So, perhaps more than one’s nationality, it is where one speaks from that matters. And it is the job of the researcher to constantly reflect on the politics of their position, while also acknowledging that the boundary of what is local and what is not is also fluid and diffuse. 

 

Excerpt from the book (from the introduction)*

In his book Beirut the late historian Samir Kassir (2010) poignantly noted how Beirut is not an ‘original city’ (440), a passive victim of conflict coming from nowhere. He argues that much of the political and (para) military mobilization towards the civil war was obtained by ‘transposing the convulsive upheavals of regional geopolitics to the urban level’ (Kassir 2010, 440). This book focuses on that transposing of regional issues onto the urban ground. It traces the connections that link large-scale geopolitical discourses about Lebanon with the micro-geographies of violence in and against urban sites during a defining urban moment of the conflict: the war of 1975–1976, known widely as the Two Years’ War (al-harb as-sanatayn). The following chapters offer an in-depth account of the relations between geopolitics, armed conflict and Beirut’s urban space, and of how Lebanon’s sovereignty has been implicated in and reshaped by these relations. The book also traces the deeper historical and territorial connections between the urban impact of the Two Years’ War and Lebanon’s violent colonial past, questioning the very nature of its current sovereignty in light of contested histories of violence. The questions around which the book revolves are: firstly, how do large scale, formal geopolitics and the microgeographies of conflict interact and intersect in the representation and the practice of war in Lebanon? Secondly, how was the urban built environment of Beirut involved in the processes of production and mobilization of those representations and practices? Thirdly, what are the legacies of the histories and territories of Lebanon’s Ottoman and colonial past on its urban geopolitics of conflict? Fourthly, what does an urban perspective on conflict tell us about the nature of sovereignty in Lebanon?

Scope of the book

[…] Lebanon scholars have also produced several sophisticated understandings of the Lebanese conflict, and especially of the nonstate armed actors that enacted de facto sovereignty in the Lebanese capital during the war. They have investigated their birth and the development of their mechanisms of violence (Corm 2005; F. El-Khazen 2004; Hanf 2015), their role as providers of social services replacing the state (Harik 1994),and as political actors crossing sectarian divisions in order to realize wider political projects (Rowayheb 2006). Other authors have focused on the relation between militia territoriality and visual mechanisms of propaganda (Chakhtoura 2005; Maasri 2008), and the power structure and organization of specific militias and the production of specific spaces (Kemp 1983). The value of these studies resides in their breadth, as some consider the whole duration of the war; or in their focus on the features of one single militia or on one specific aspect of the militia activity (such as public services). However, this previous work often does not, or only partially, consider the built environment as part and parcel of the production of discourses of war, sovereignty and identity. The scope to this book is less wide, but explores more deeply the relationship between war and urban built environment during the crucial early phases  of the civil war. As I started my PhD, I intended to examine how regional geopolitics intersected with and manifested themselves in the urban politics of a post-conflict urban environment like that of Beirut. Instead, as the research moved on and as a lively debate emerged in urban geopolitics in 2004 and 2005, I chose to focus my attention on the initial phase of the conflict between 13 April 1975 and 21 October 1976. I apply instead interpretive depth to understand how geopolitical meaning is renegotiated during conflict, and especially during close-quartet urban warfare with light or relatively light weapons, where urban streets and buildings compose both the fabric that shapes the rationalities of war, and the materiality through which meanings about sovereignty, territory and nation state were renegotiated and re-inscribed. The Two Years’ War became my field of enquiry into the urban geopolitics of wartime Lebanon. 

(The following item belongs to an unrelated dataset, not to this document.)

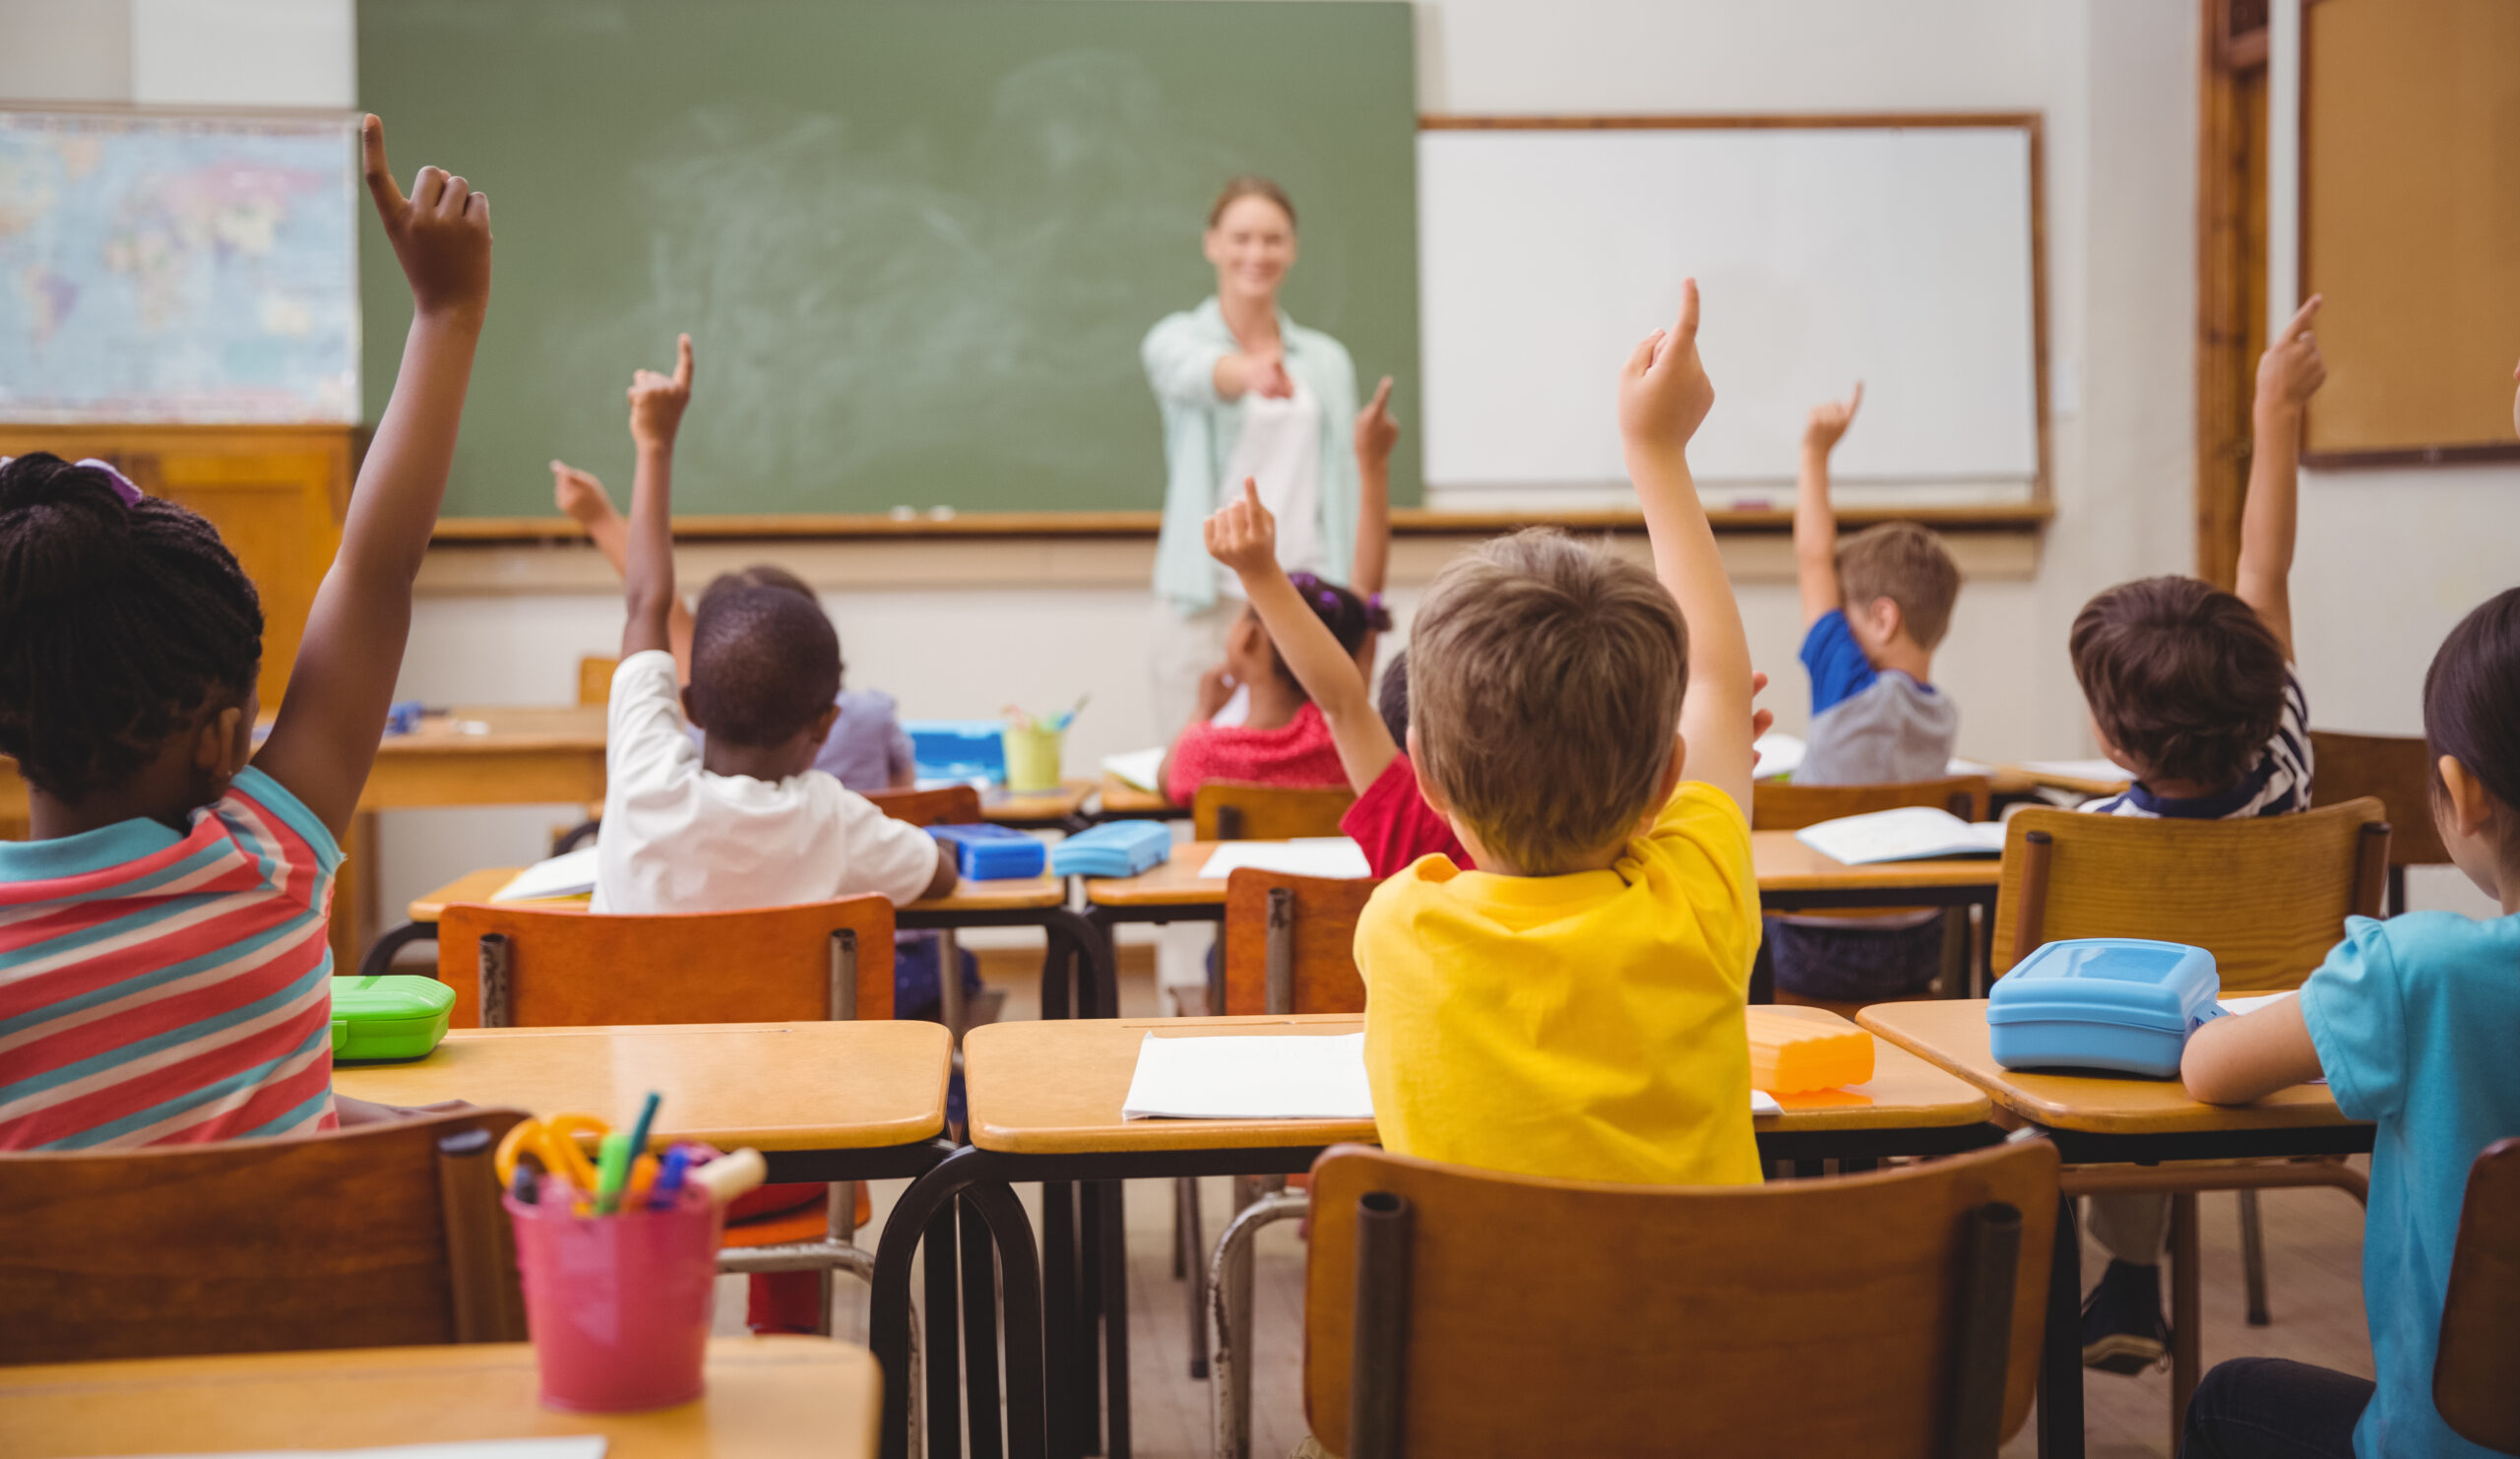 Children in the classroom raising their hands

[…] One of the reasons for choosing to concentrate on the Two Years’ War concerns the different ways in which space was produced through violence in the pre- and post-1978 phases of the war. Various scholars (Corm 2005; Kassir 2003) agree about a change in the strategic politics, geographical span, and geopolitical weight of the Lebanese conflict after March 1978, when the Israeli army launched Operation Litani. They propose that ‘beginning in mid-1978, the nature and scope of the war changed’ (Farid El-Khazen 2000, 5): the entry of the Israeli armies on Lebanese soil (and, in 1976 of the Arab Deterrence Force led by Syria); the use of heavier weapons, air power and siege (in 1982); the creation of the international peacekeeping force; and finally the rise of suicide terrorism in the 1980s have very often been considered as dynamics that shifted the Lebanese conflict onto a different scale. This shift included the internationalization of the conflict, the solidification of the militias’ structure and organization (El-Khazen 2000) and of their affiliations to foreign powers (Corm 2005), as well as the increasing use of heavy artillery and the use of air power.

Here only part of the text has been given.